Entries supplied –
================================

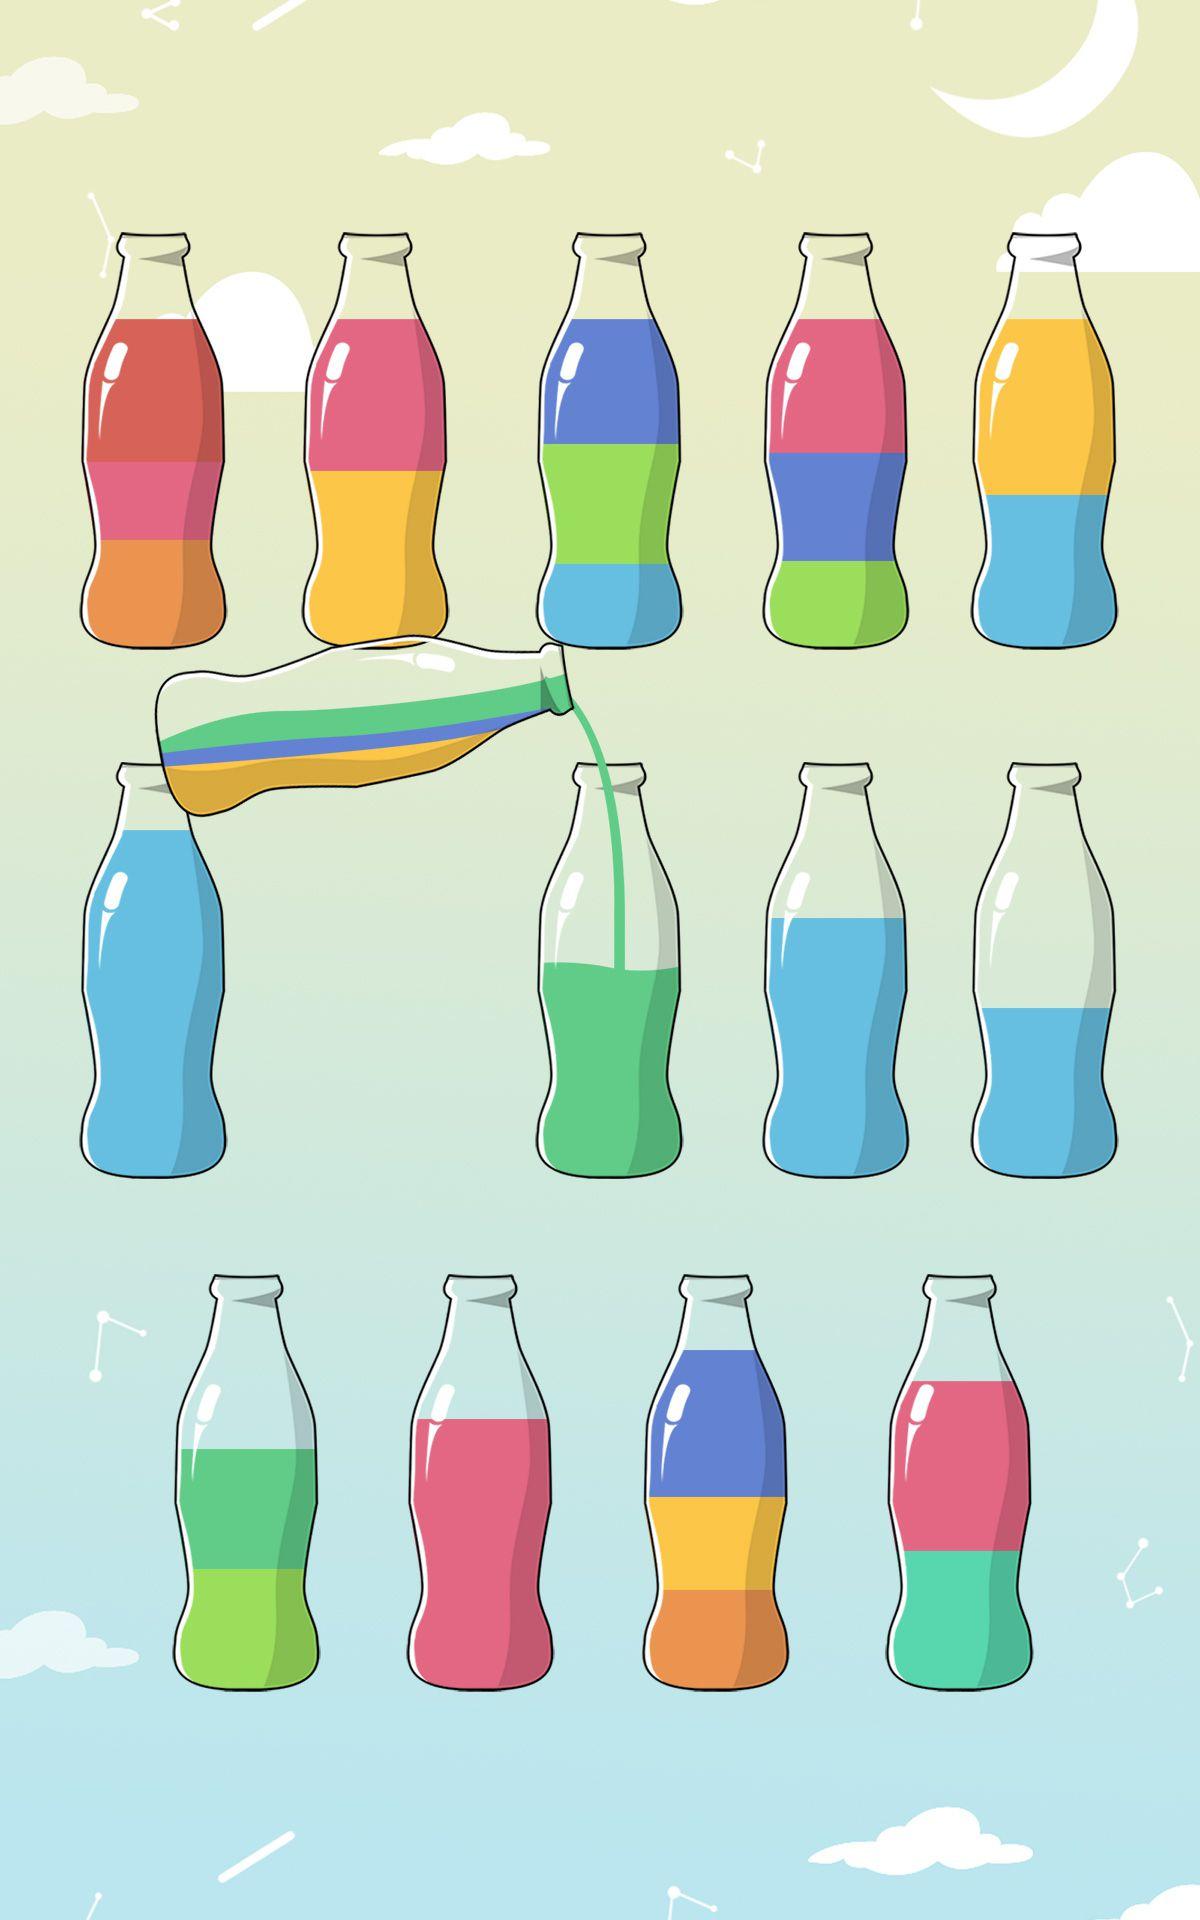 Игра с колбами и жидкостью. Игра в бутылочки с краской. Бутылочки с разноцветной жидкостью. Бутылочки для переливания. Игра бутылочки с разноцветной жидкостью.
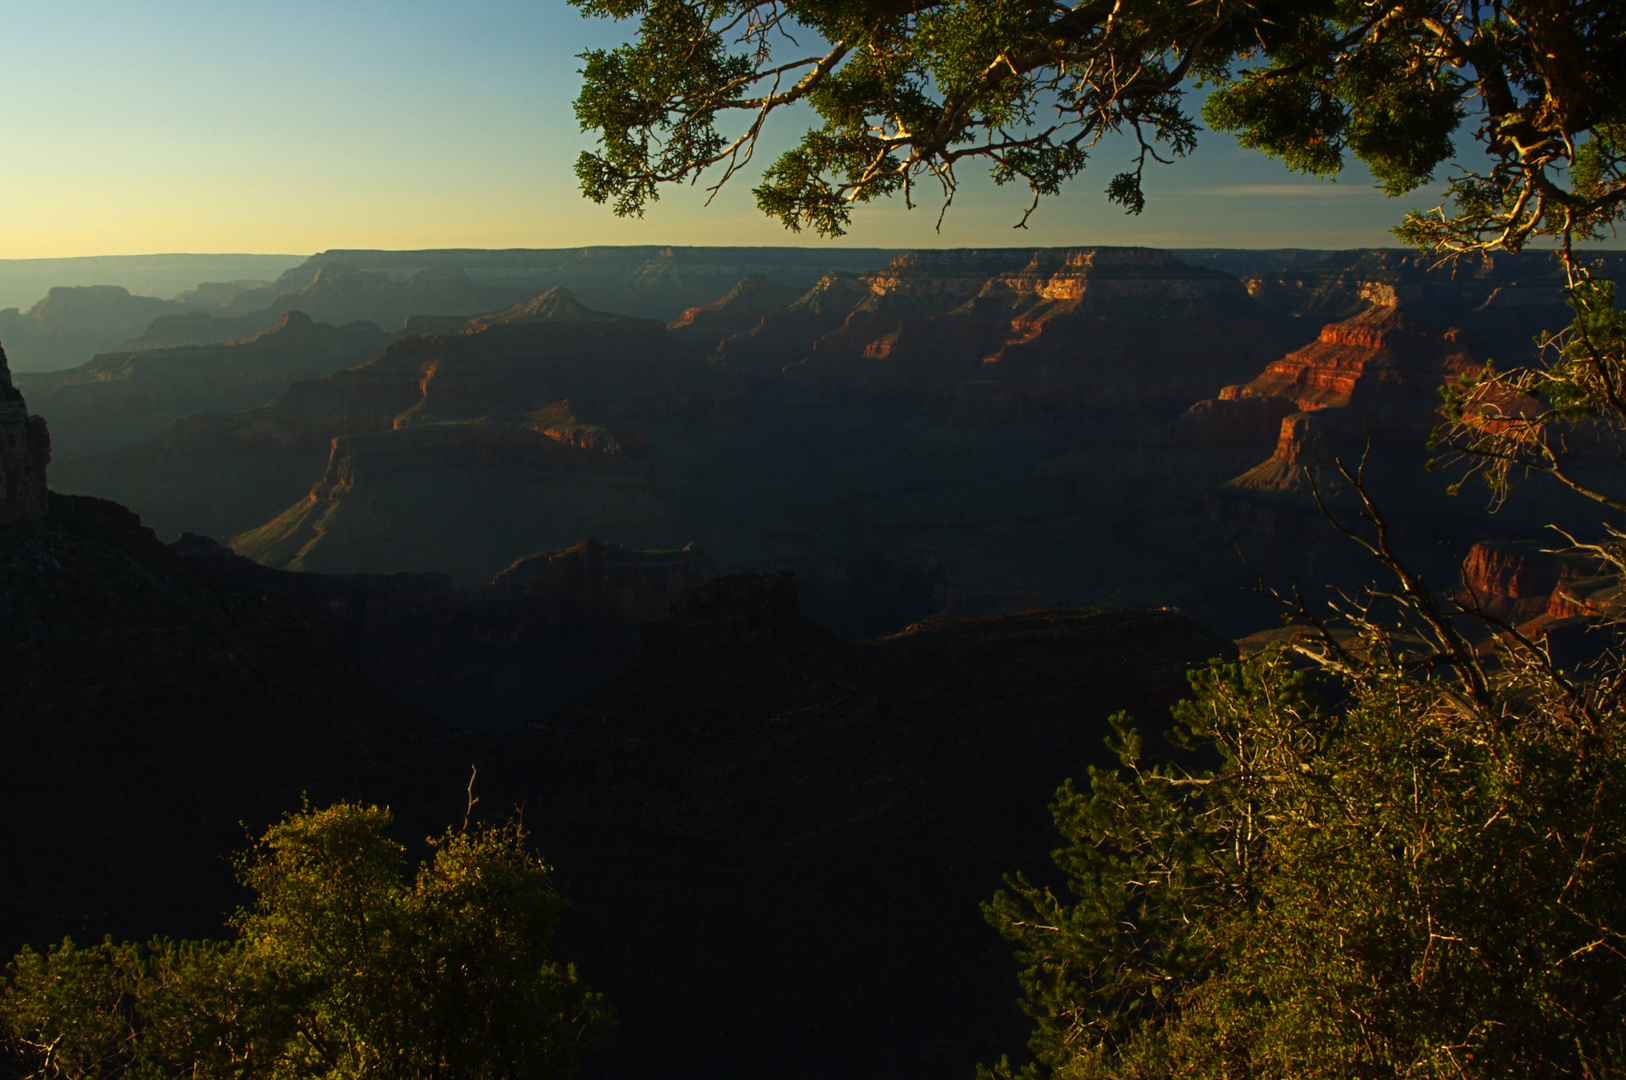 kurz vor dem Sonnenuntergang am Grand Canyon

================================

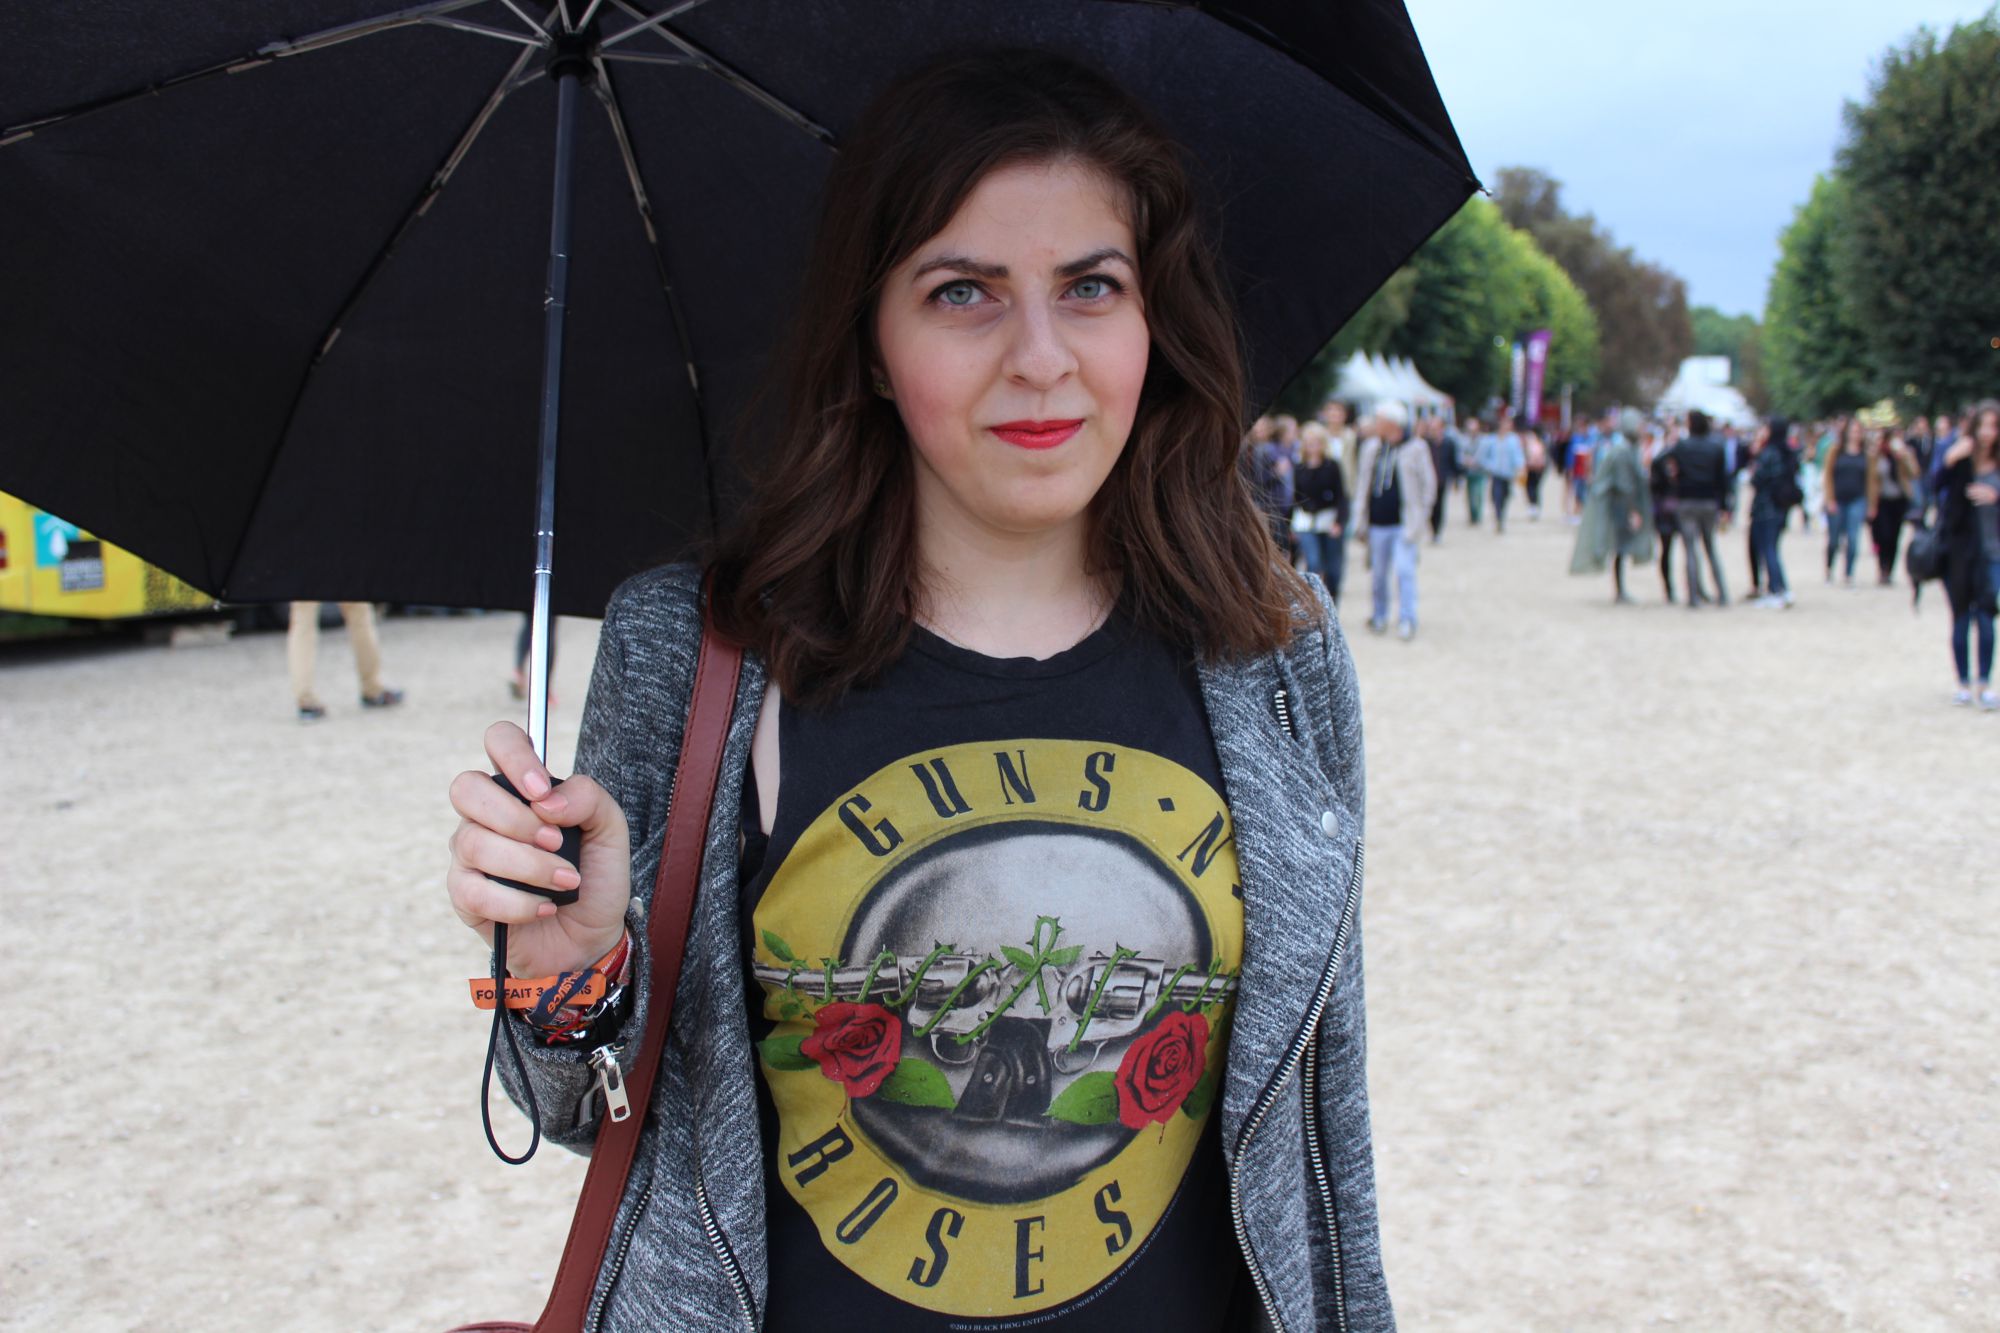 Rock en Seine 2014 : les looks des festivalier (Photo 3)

================================

What to work on –
Copy exactly the lines of the entries above from the one containing "Игра с колбами" through the one containing "kurz vor dem Sonnenuntergang am Grand Canyon". Both end lines count; pictures do not.

Answer –
 Игра с колбами и жидкостью. Игра в бутылочки с краской. Бутылочки с разноцветной жидкостью. Бутылочки для переливания. Игра бутылочки с разноцветной жидкостью.
 kurz vor dem Sonnenuntergang am Grand Canyon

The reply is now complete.